Her lyric “I’ve been comparing shiny new toys. It’s just the root of the thief of my joy” paraphrases a quote from President Theodore Roosevelt “Envy is the thief of joy.” Or consider her articulation of the somewhat wonky psychological term “hedonic treadmill” which refers to our inability to be happy with what we have because we’re always chasing the next thing. She writes “when you notice The Joneses can’t even keep up with the Joneses.” It’s simple all right. Simply brilliant.
The very idea of “having” has been co-opted to be most frequently associated with material possessions. Consider the term “the and have nots.” We diminish the agency and the lives of those who we consider “the have nots” because we fail to recognize that they have things that may be more important than a new car or big house – good relationships.

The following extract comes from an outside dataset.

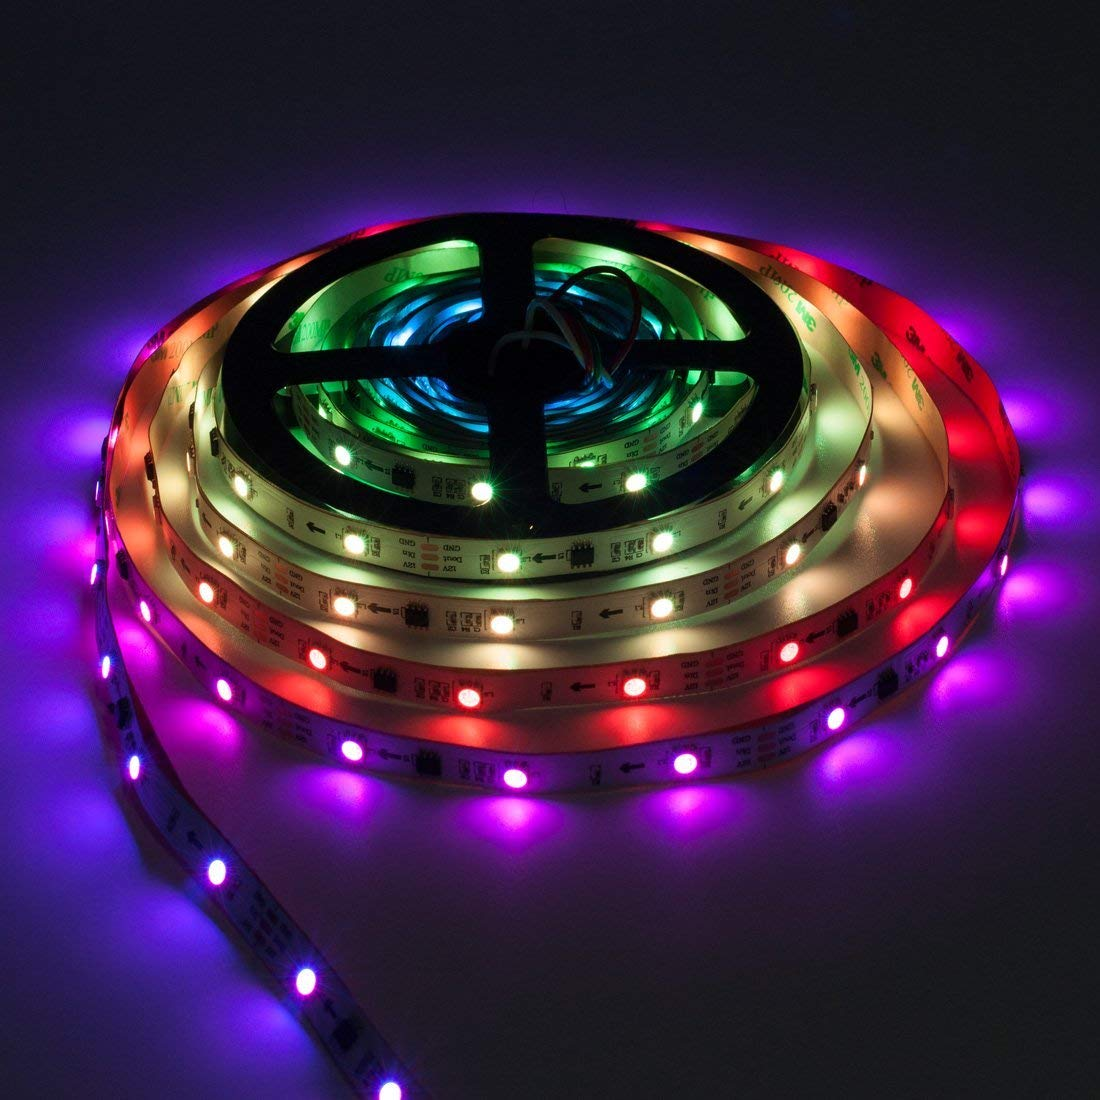 Lighting-Source WS2811 5m 16.4ft 30LEDs/m 150LEDs Addressable Flexible LED Strip Dream Color IP30 Non-Waterproof DC12V

She levels this playing feel when she combines the material and the relational singing, “Cause I got a roof over my head, a warm body in bed.”
In our pursuit of happiness, the constant chasing of power or possessions, perhaps the the most crucial thing to have – which has the advantage of being free, is perspective.
My favorite lyric, “I got the air, good eyes to see, got so much more than I’ll ever need,” is both literal and figurative. What are we breathing in? How are we choosing to see our world?
A few days after discovering the song – a day in which several things did not break my way – I found myself on our school athletic fields at sunset. The gloaming red cascaded over the feathered clouds. I took a deep breath and reflected on the last verse in the song, “Even the bad days ain’t all that bad with what I have.” Three chords and the truth.
Can you be happy with what you have? I’m fortunate to say, “I think I can.”
I hope you can as well.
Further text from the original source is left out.